We have occasionally seen that the CI fails due to unrellable tests or jobs, environment issues and more. This presents a challenge for new contributors as they need to spend time figuring out issues that are not related to their changes in the code. It also prevents the confidence the community has in the CI as a simple yes/no answer and instead talks about required compared with optional tests.
We believe that this will become an increasing bottleneck if the Kata community is successful in starting the new confidential containers project which will bring in additional participating companies and individual contributors. Given this, we established a process and policy that should allow the project to maintain a "Always Green CI" aiming to improve the results of Kata Containers CI shown in GitHub.
In this section we discuss the main pillars that sustain the "Always Green CI" initiative.
We have created multiple jobs (called "baselines") which run on a daily basis for the different test suites and configuration/HW which are identical to what will run on each pull request (PR). The key point is that this CI runs on a branch with no additional patches/noise added by anyone so if there is a failure it’s much easier to identify it. The baseline jobs indicate the overall status of the Kata Containers project and our aim is to ensure they always pass (so the "always green" name). They are used as a base for comparing with the CI jobs ran on each pull request (PR): if a given CI job fails but its corresponding on baseline is "green" then it is likely the code change breaking tests.

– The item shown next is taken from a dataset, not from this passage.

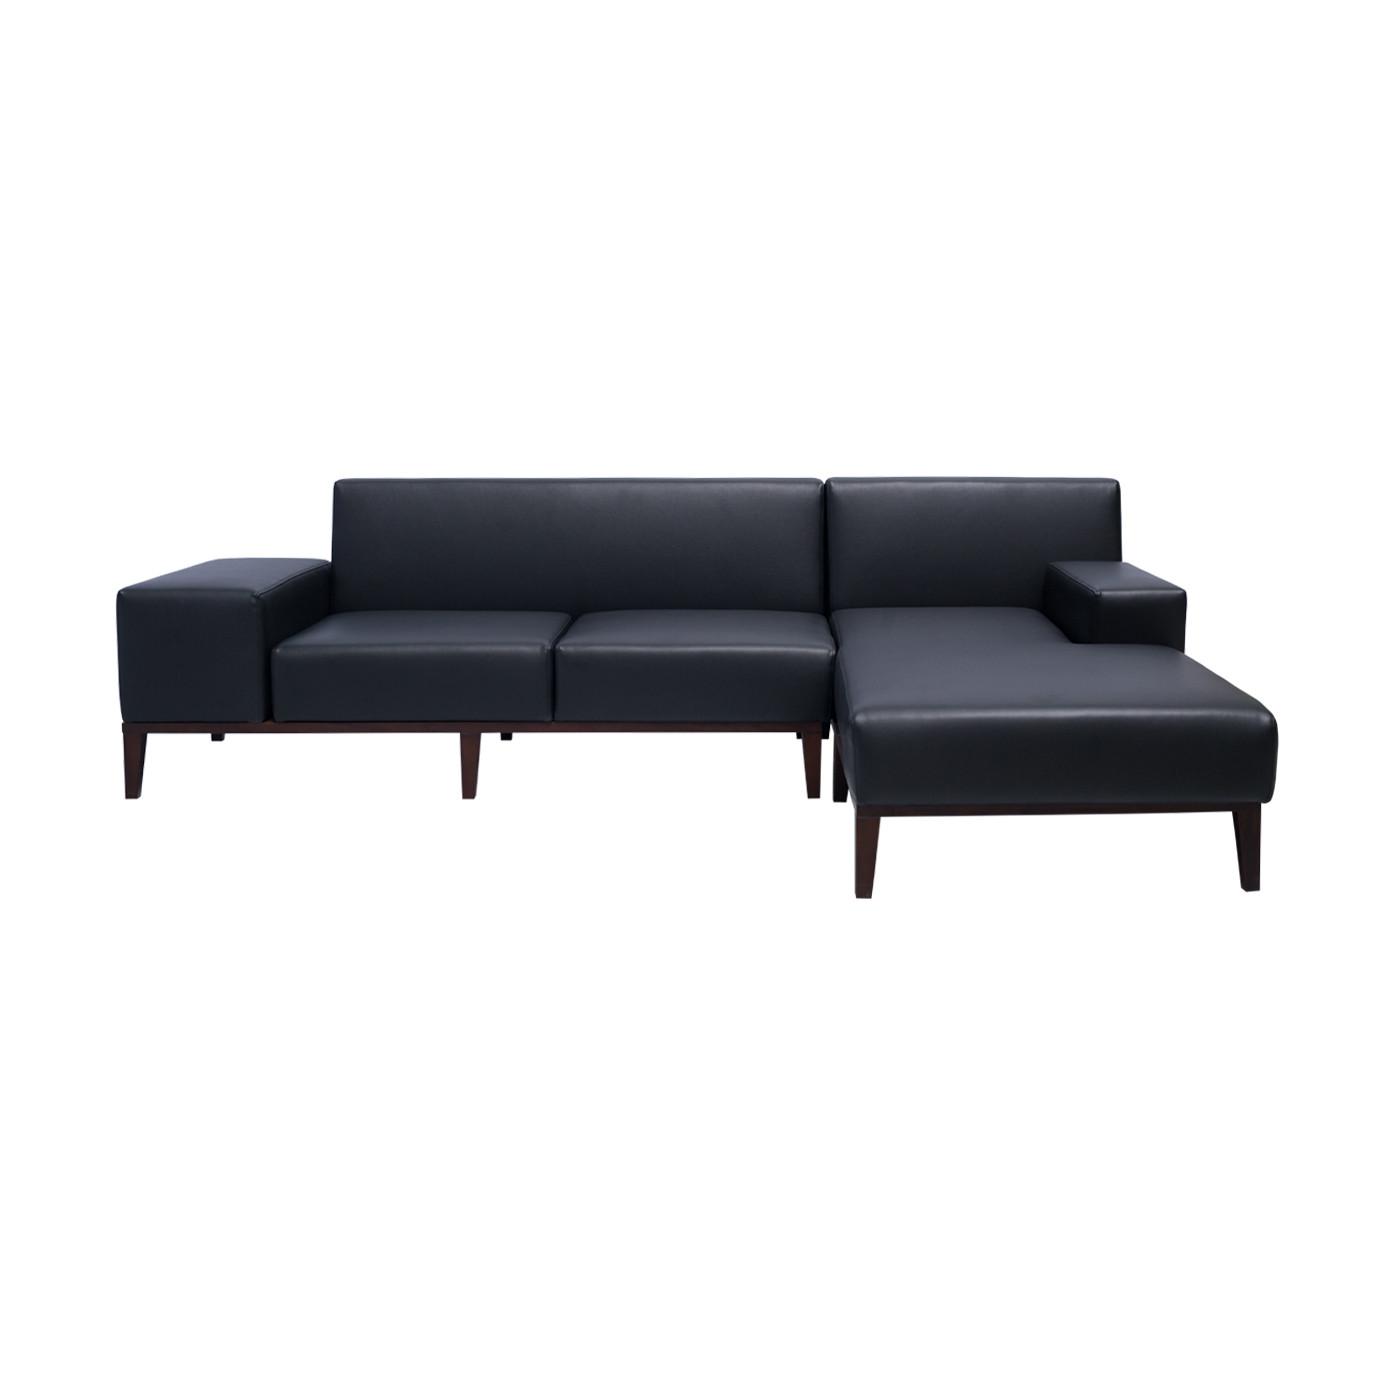 SoHo Black Dark Sofa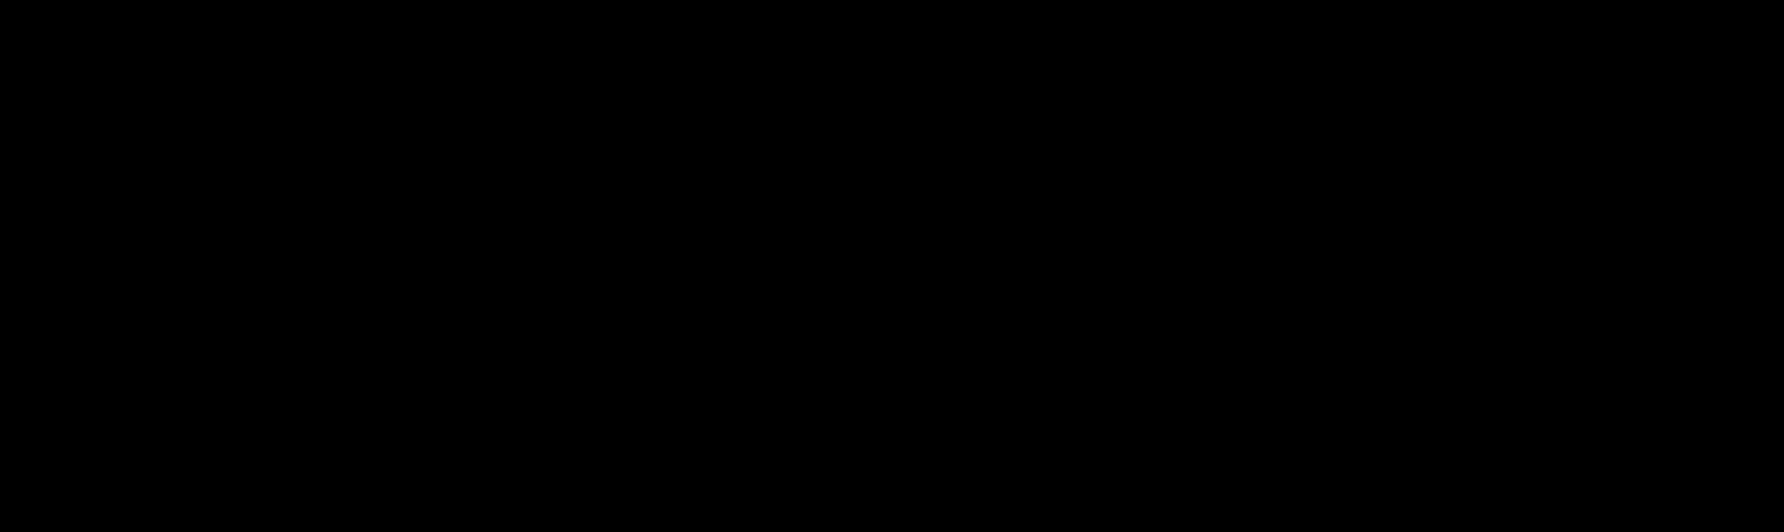 Alianza株式会社

Each and every baseline CI job must have owners monitoring it’s status and acting if something goes wrong. Policies and a process to add/remove jobs to/from the baseline were defined.
Find the complete list of baseline jobs here.
Those are the jobs which will run on each pull request (PR). They are identical to baseline jobs, except that they test code changes proposed by the developers (the baseline jobs will test merged code). If a given CI job fails but its corresponding on baseline is "green" then it is likely the code change broke tests. So each and every CI job must have a counterpart baseline job.
The CI job is configured to be either:
- required: meaning the job must pass for the PR be merged. This is reserved for jobs we are confident about their stability;
- non-required: its failure won't block the PR. This is reserved for jobs which are still unstable or/and experimental.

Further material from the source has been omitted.